Notas iniciais
Sejam bem vindos, ao nosso primeiro capítulo. Espero que gostem da história e continuem acompanhando. Boa leitura a todos.

TRÊS ANOS DEPOIS....

Desde que recebi a fatídica notícia do meu casamento com o príncipe herdeiro do reino do Sul, comecei a preparar um plano que pudesse libertar meu povo do julgo do General do Leste, para que pudesse demonstrar a todos que poderia governar meu reino sem a tutela de um homem ao meu lado.

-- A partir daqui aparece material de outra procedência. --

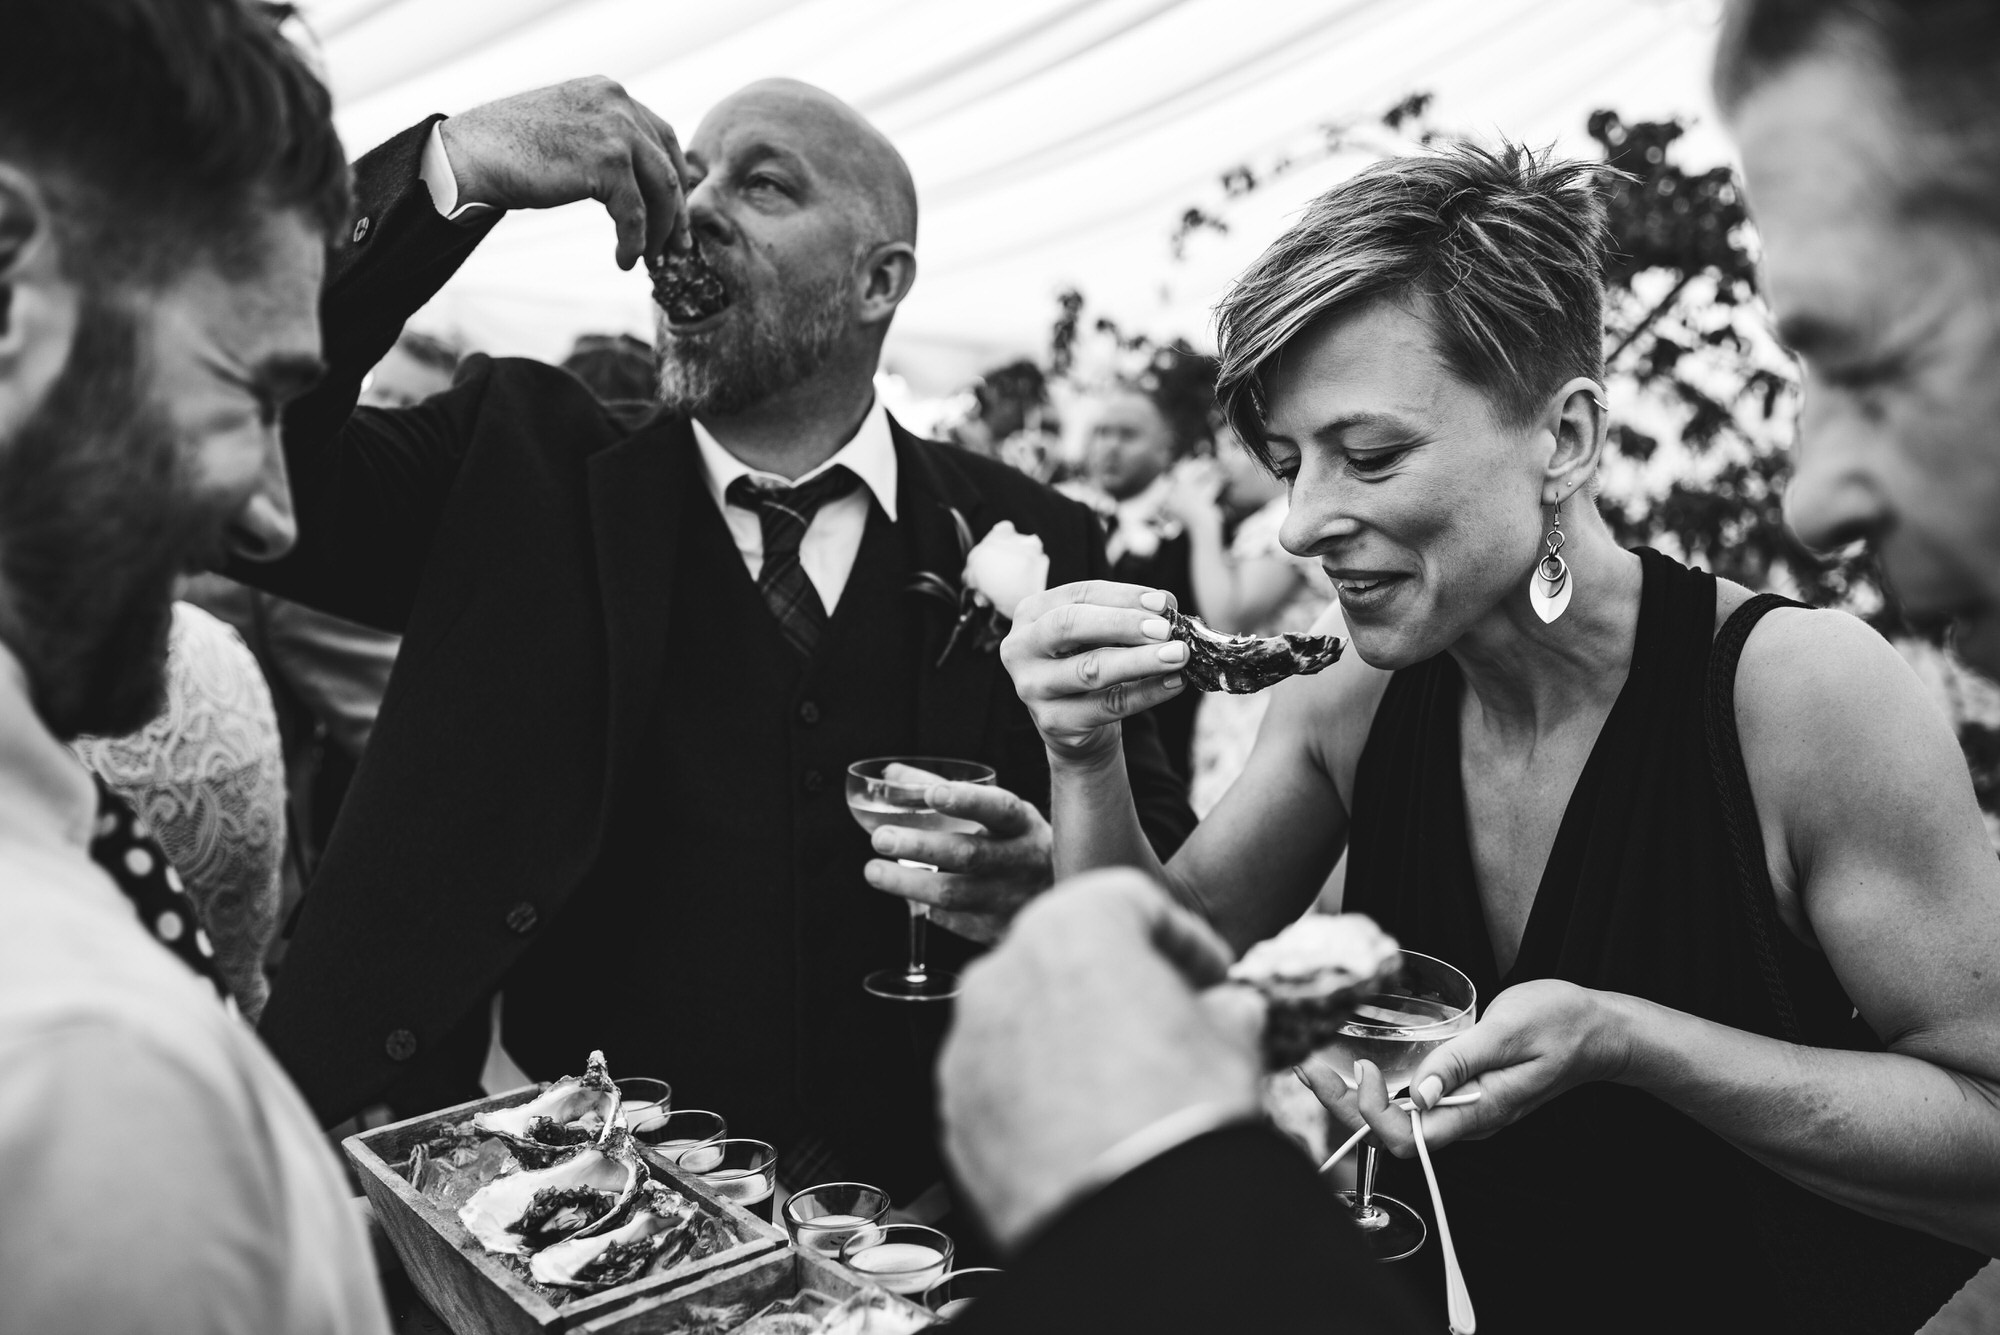 Dorset marquee wedding by the sea simon biffen photography 35

Por isso fiz questão de aprender tudo que podia, mesmo que tivesse que fazê-lo as escondidas, já que era proibida de ler sobre assuntos relacionados a política ou a administração de um reino, pois os homens de confiança da minha coroa queriam me manter na ignorância perante todos os problemas que meu reino enfrentava, por isso fazia questão de promover serviços de auxílio aos mais necessitados e doentes do meu povo, que se acabam de trabalhar para sustentar a vida de regalias dos nobres.

Quanto mais me mostrava contra meu casamento arranjado ou insistisse nos pedidos a câmara dos Lordes para assumir minhas funções de forma plena como rainha, mas o General descontava no meu povo fazendo-o sofrer ainda mais. Até chegar o dia em que engoli o meu orgulho e aceitei a situação em que me encontrava, não de verdade porque tinha um plano para reverter tudo aquilo, evitando assim que meus súditos sofressem ainda mais por recursar os planos do usurpador do meu trono, que a cada dia se consagrava abertamente como o rei legitimo do Leste.

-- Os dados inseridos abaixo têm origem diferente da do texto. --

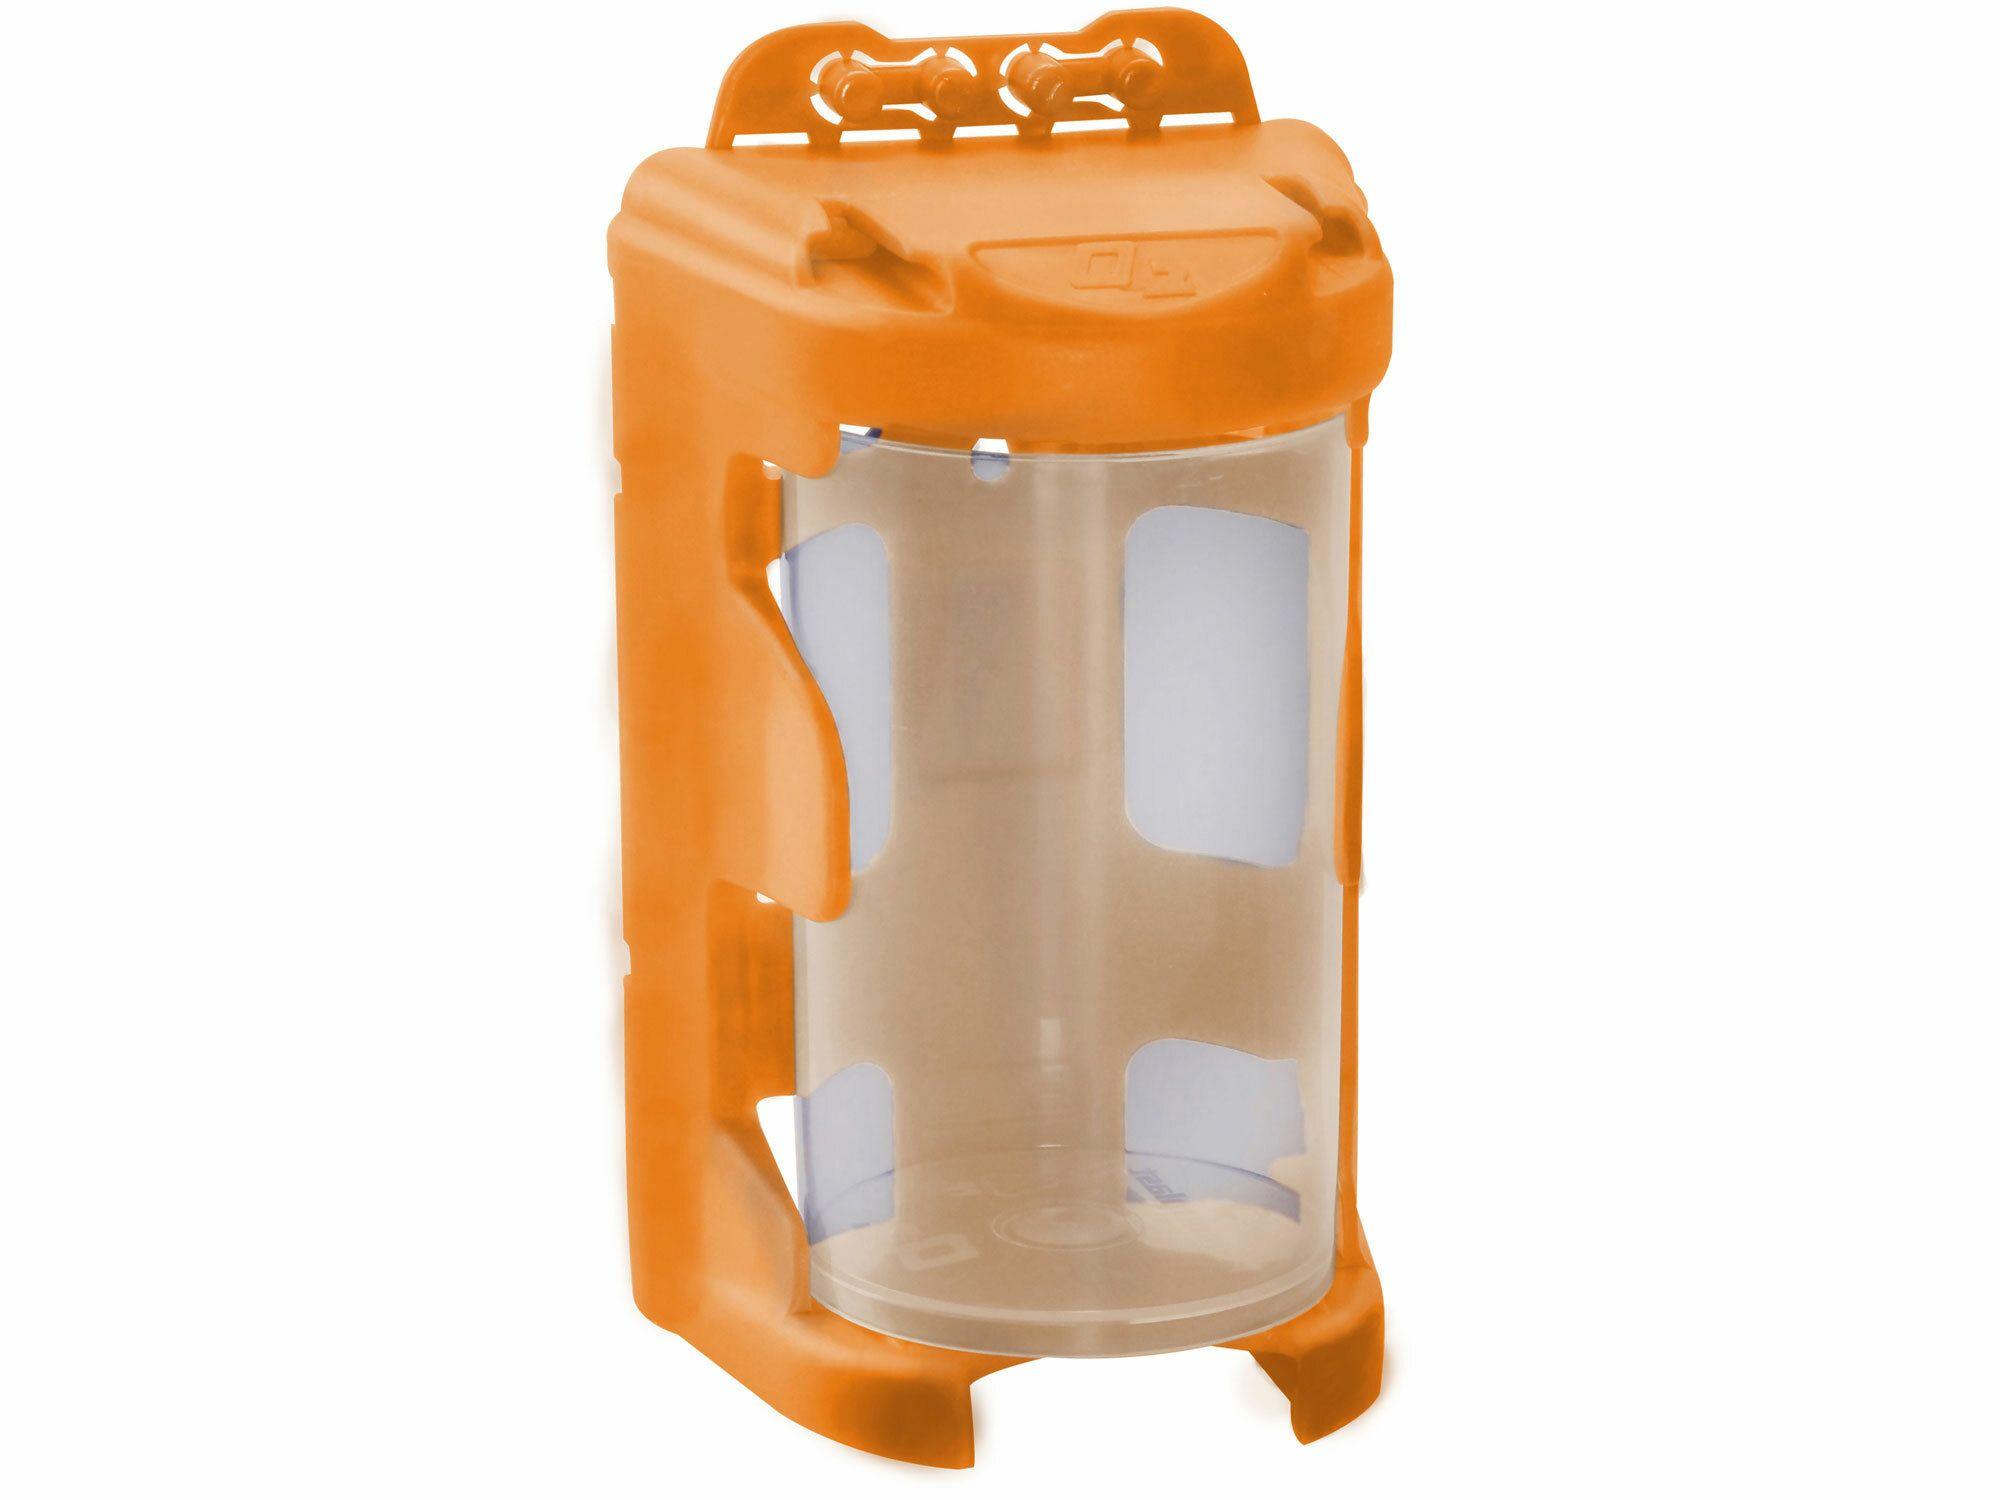 Organizér modulový závěsný - oranžový, 210ml (60 x 92mm), PP, EXTOL EXTOL CRAFT

Com a união por matrimônio da casa do Leste com a casa do Sul, poderíamos ter uma vantagem contra o Norte se eles decidissem nos atacar já que o reino do meu noivo era conhecido por seu exército poderoso, os únicos que haviam derrotado no passado com sucesso o reino do Norte que ousou invadir suas divisas. O reino do Norte, era uma ameaça velada que aterrorizava o sono da população e de alguns governantes, pelo menos aqueles que possuíam alguma afeição por seu povo, o que não era o caso do General.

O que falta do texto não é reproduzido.